Myelofibrosis
The myelofibrosis (OMF ), and myelofibrosis, bone marrow fibrosis or osteofibrosis called (English osteomyelofibrosis ) is a myeloproliferative disorder and is a progressive disease of the bone marrow; they can be used as an independent disease (primary or idiopathic myelofibrosis, PMF, IMF) occur or as a result of another disease that alters the bone marrow, for example, in polycythemia vera, manifest secondary.
Frequency
The myelofibrosis is a rare disease that affects women more frequently. The onset peaks between the ages of 50 and 60. The incidence is approximately 1,5:100.000 / year or approximately 1200 cases per year in Germany.
Causes
Possible causes for the OMF are:
- In response to effects of chemical or physical noxious agents, such as ionizing radiation.

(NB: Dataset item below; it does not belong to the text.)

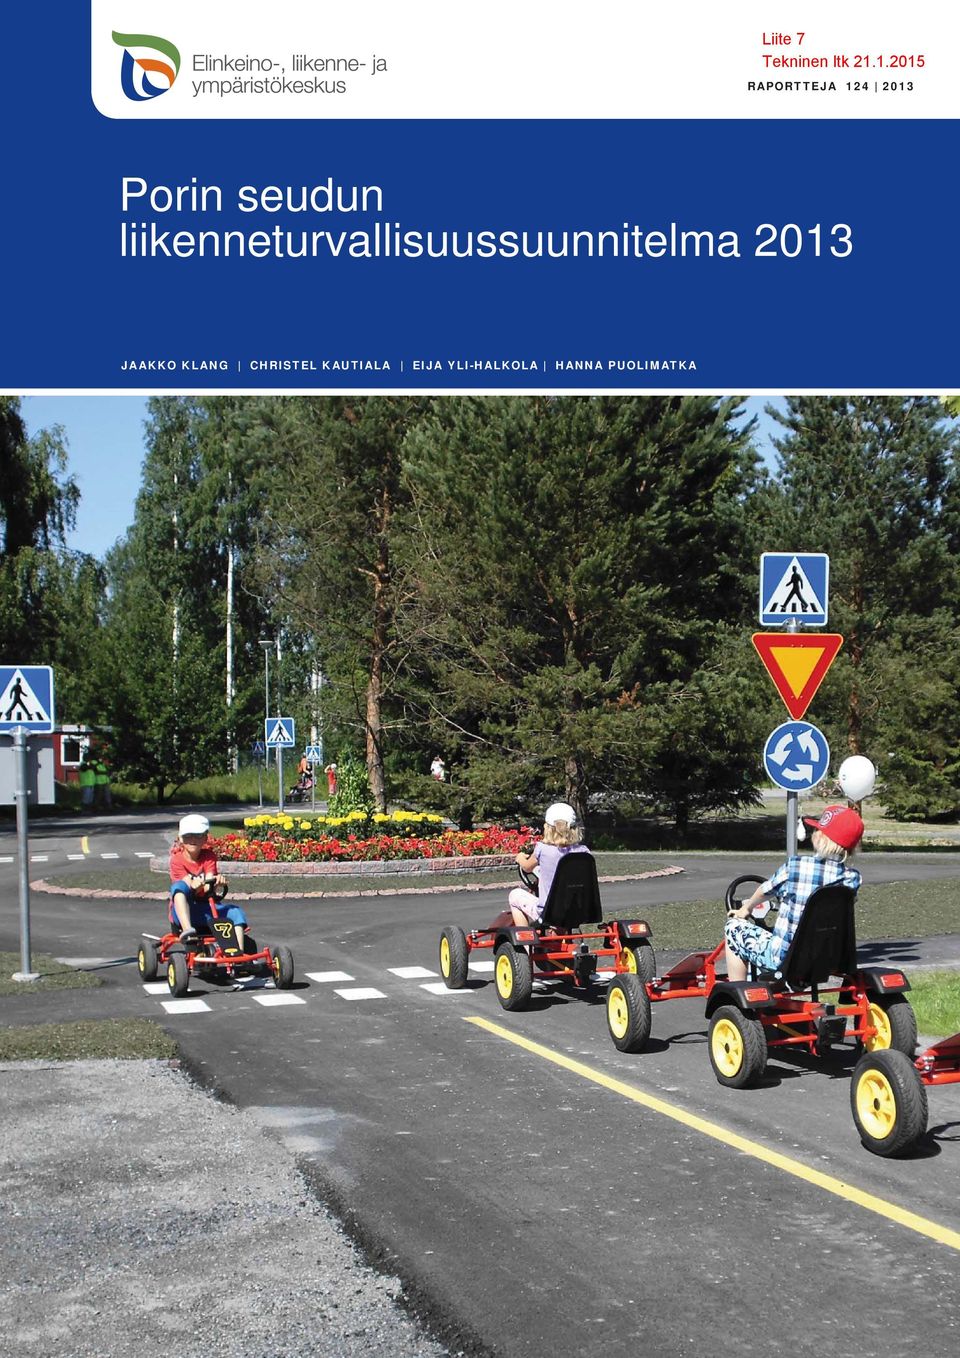 liikenneturvallisuussuunnitelma 2013

- Acquired genetic defects.
- Secondary disease as a result of another disease that alters the bone marrow, for example, in polycythemia vera.
- Other unknown causes.
Pathogenesis
In the OMF leads to a progressive fibrosis ( obliteration ) of the blood-forming bone marrow tissue. The blood production is disturbed. Probably set free the altered blood cells and their precursors substances that may cause an increased fiber formation in the bone marrow tissue. The blood formation takes place more and more in the liver and spleen, as the bone marrow due to increasing fiber formation can no longer adequately fulfill its task. Consequence may be an enlarged spleen and / or liver.
Clinic / symptoms
At the beginning of the disease the patients remain asymptomatic, only after a long time the disease is diagnosed.
A deficient or defective blood formation may provoke the following symptoms:
- Various forms of anemia
- In the beginning, there is a tendency to thrombosis
- Later bleeding can occur due to thrombocytopenia.
- Leukocytoses
- Leftward shift of the blood picture (occurrence of immature precursors of blood cells in the peripheral blood)
- Increased leucocyte alkaline phosphatase
- Erythrocytes in a blood smear showing a " Teardrop " ( = Dakryocyten, Teardrop poikilocytosis ).
Other symptoms:
- Fatigue
- Anorexia
- Fatigue
- Diarrhea
- Night sweats
- A greatly enlarged spleen ( splenomegaly) or liver ( hepatomegaly ) can cause abdominal pain.
- Joint pain
- Blurred vision
Diagnostics
- History: fatigue and weight loss (see Symptoms )
- Blood picture shows a left shift ( occurrence of immature precursors of blood cells in the peripheral blood; see also erythrocyte distribution width )
- Palpation and ultrasound examination of the spleen and liver ( upper abdominal pain )
- X-ray: any calcification ( = sclerosis) of the bone observable.
- Diagnosis by bone marrow aspiration ( KMP ) and distinguish it from other myeloproliferative disorders.
Differential diagnoses
- Chronic myeloid leukemia ( CML)
- Knochenmarkkarzinose
Therapy
The OMF is a chronic and advanced disease and should be monitored and treated carefully by experts ( hematologist ). Therefore, only roughly:
- Bone marrow transplantation (BMT )
- Possibly drugs such as α - interferon, androgens, hydroxyurea, thalidomide, erythropoietin, Ruxolitinib
- Blood transfusions
Forecast
Since the prognosis depends on many factors (primary or secondary disease, other diseases) is, there are no generalized representable results. The median survival after diagnosis concerns depending on the study 4-7 years, although long- term survivors have been described up to 20 years. The main causes of death are severe infections (due to bone marrow failure) and transformation into an aggressive form of acute leukemia.